In a recent lab journal club we discussed a paper from the lab of Seung Kim:
A genetic strategy to measure circulating Drosophila insulin reveals genes regulating insulin production and secretion. Park S, Alfa RW, Topper SM, Kim GE, Kockel L, Kim SK. (2014) PLoS Genetics, Aug 7;10(8):e1004555.
This paper described a new approach to measure circulating insulins in Drosophila. The authors generated transgenic flies that carry epitope-tagged versions of a drosophila insulin-like peptide (dILP). They then developed an efficient and high- throughput ELISA approach to measure levels of circulating dILP within the hemeolymph of these flies. Using this approach they defined new genes required for controlling dILP release (vs expression). They also showed that changes in circulating dILPs often are not reflected in altered mRNA or protein levels, and that dILP release from neurosecretory cells can be influenced by peripheral insulin signaling.

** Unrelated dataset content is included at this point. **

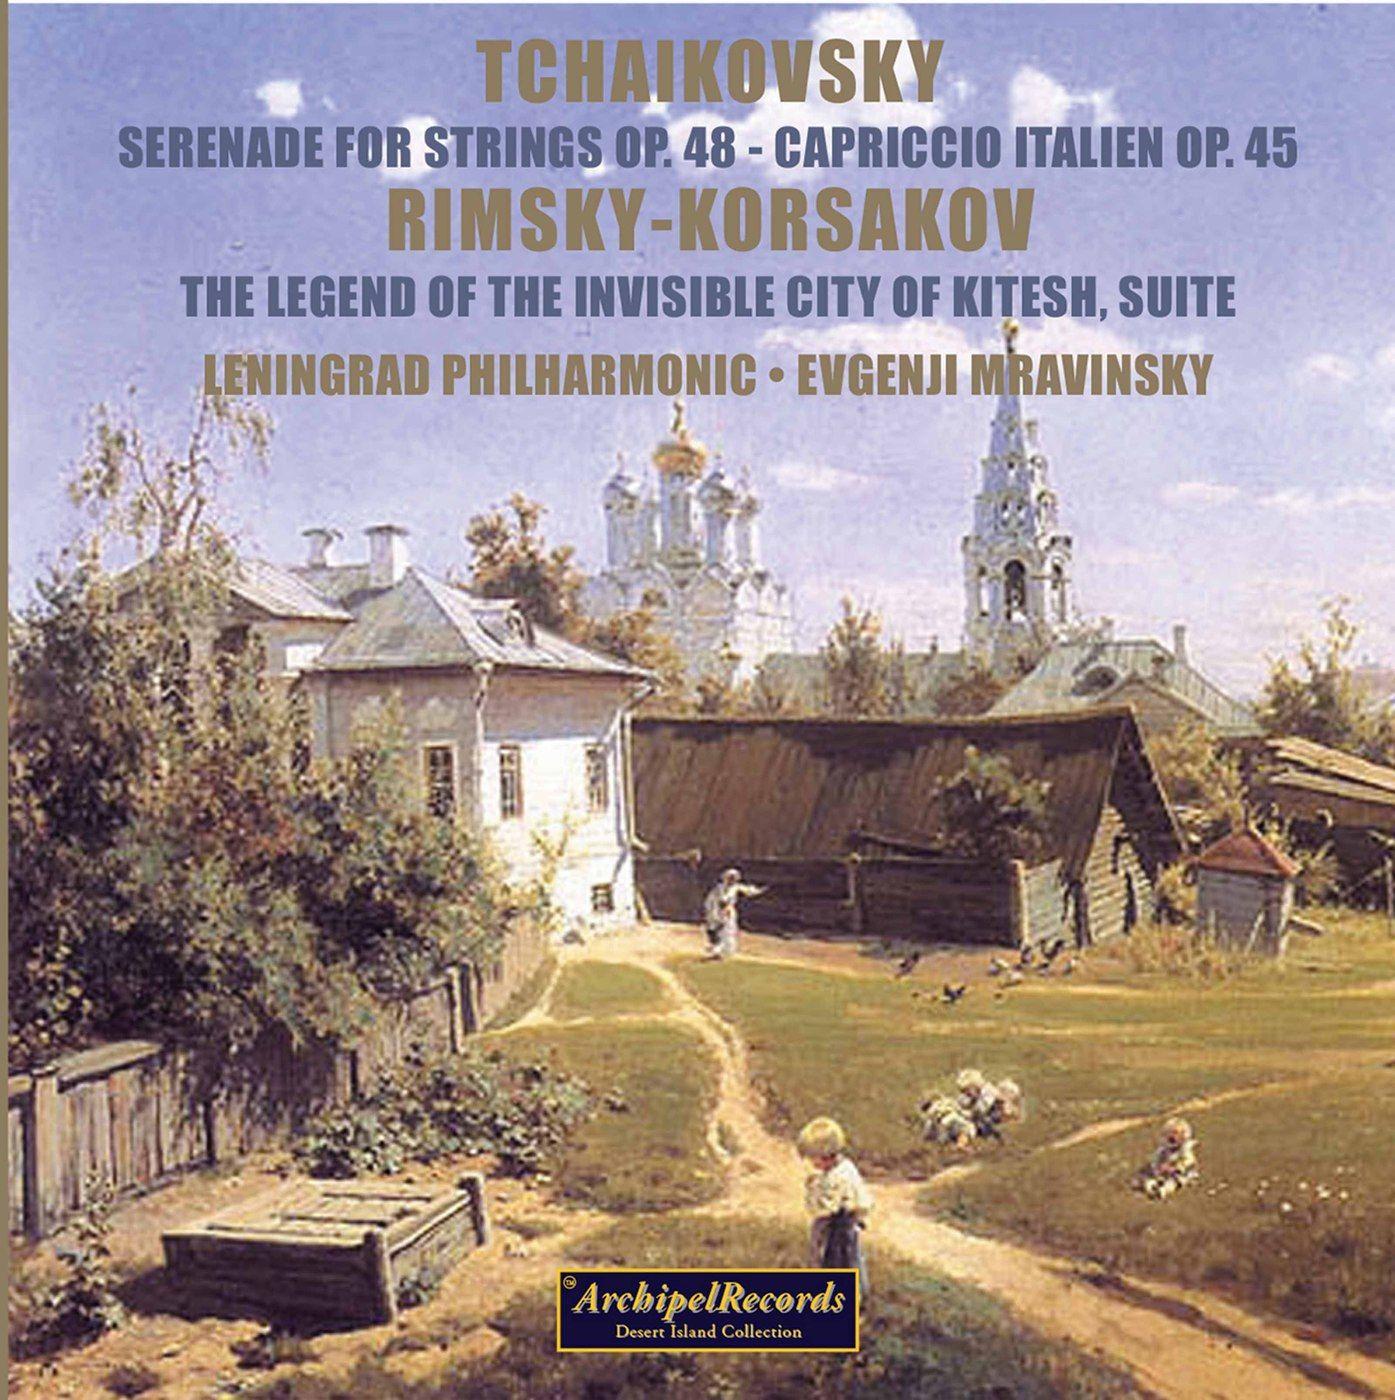 Evgenji Mravinsky conducts Tchaikovsky & Rimsky-Korsakov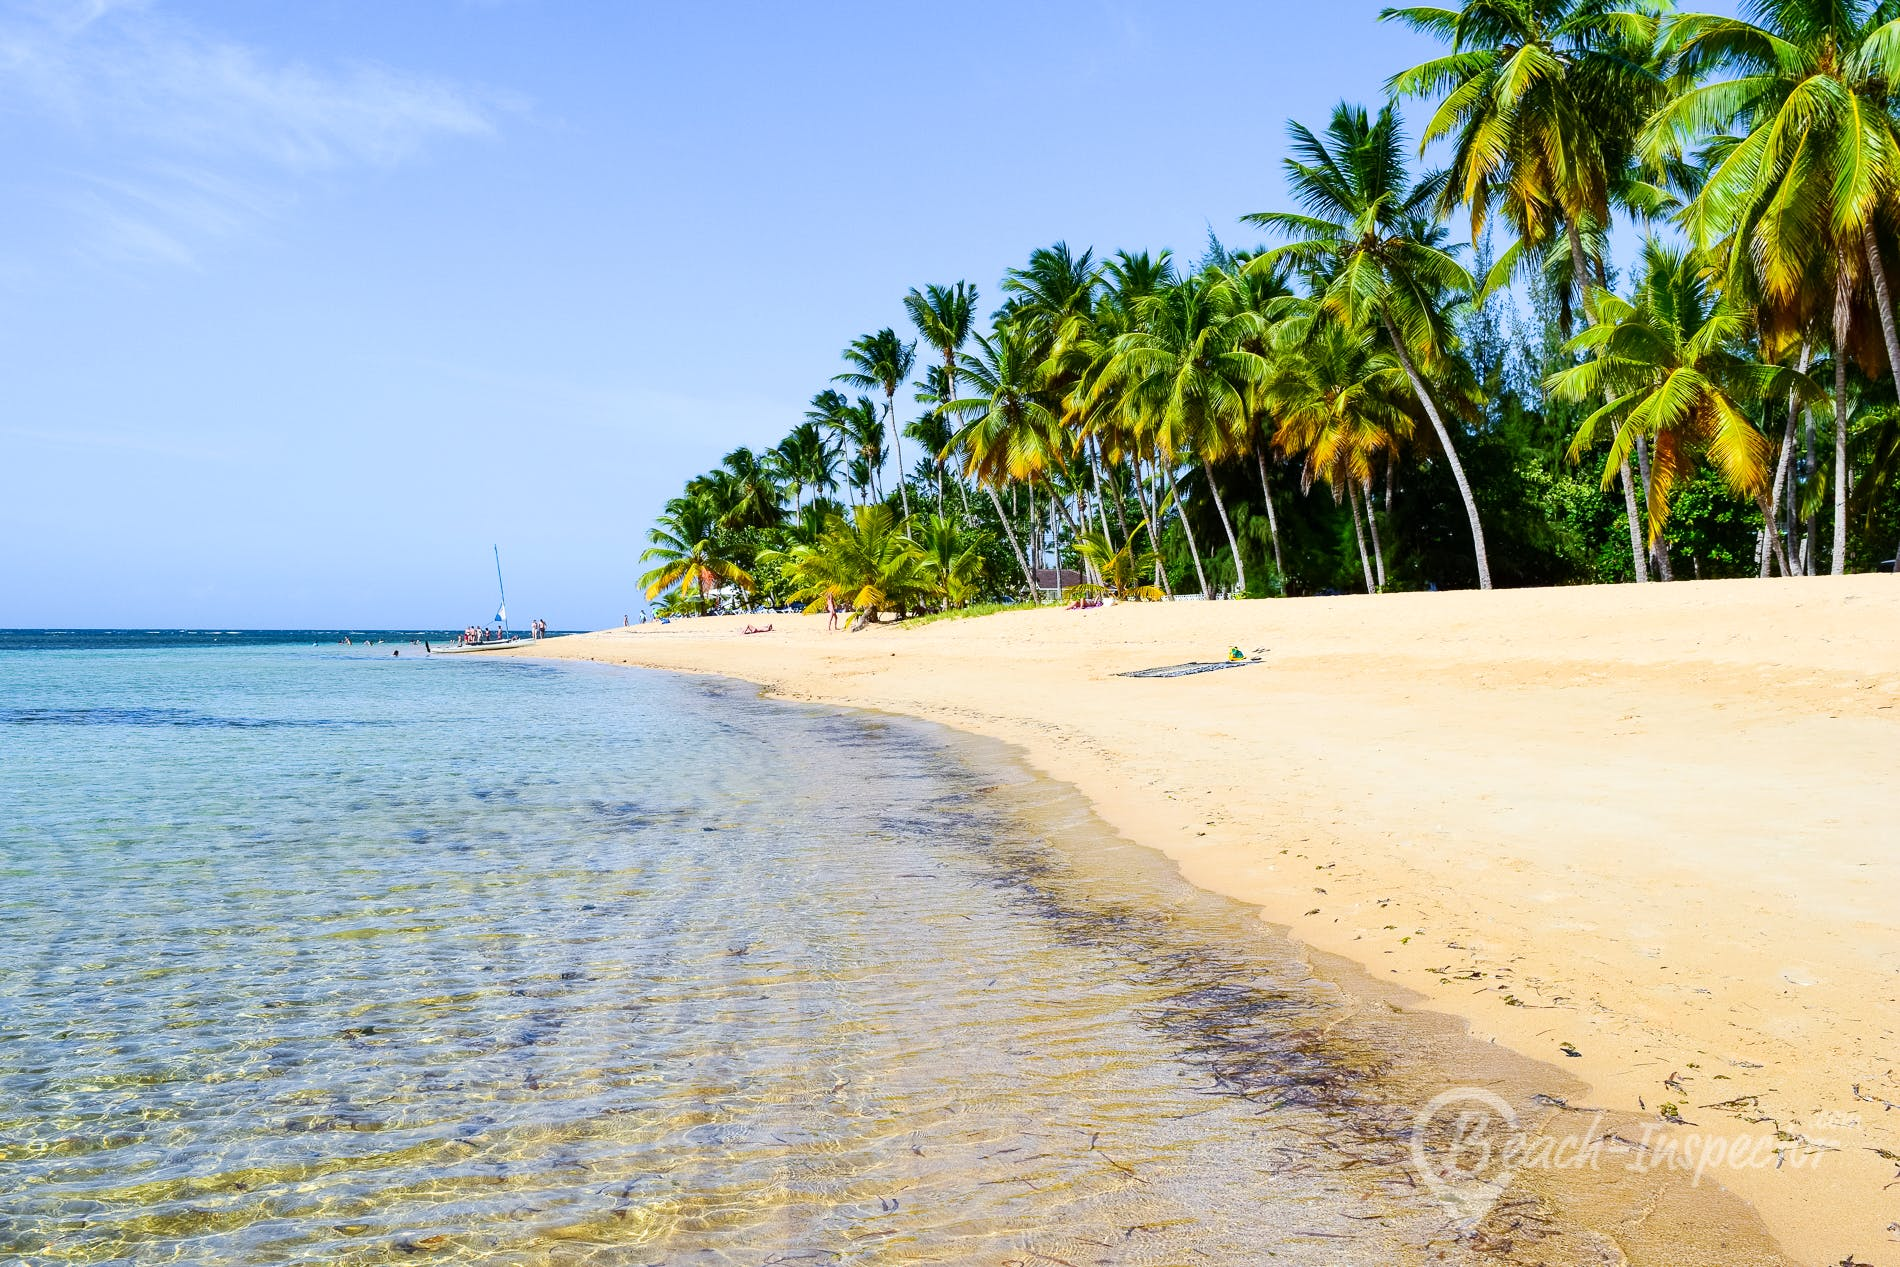 Strand Playa Las Ballenas, Dominikanische Republik, Dominikanische Republik

Measuring circulating dILPs in flies is not straightforward. Many papers have relied on indirect measures (such as dILP mRNA or protein in neurosecretory cells, or assays for downstream insulin/PI3K/FOXO signaling) to infer changes in circulating dILPs. We liked the paper because it provides a powerful new tool to actually measure hemolymph dILP levels. These flies and ELISA assays will help with future studies on the genetic and signaling mechanisms that control insulin function.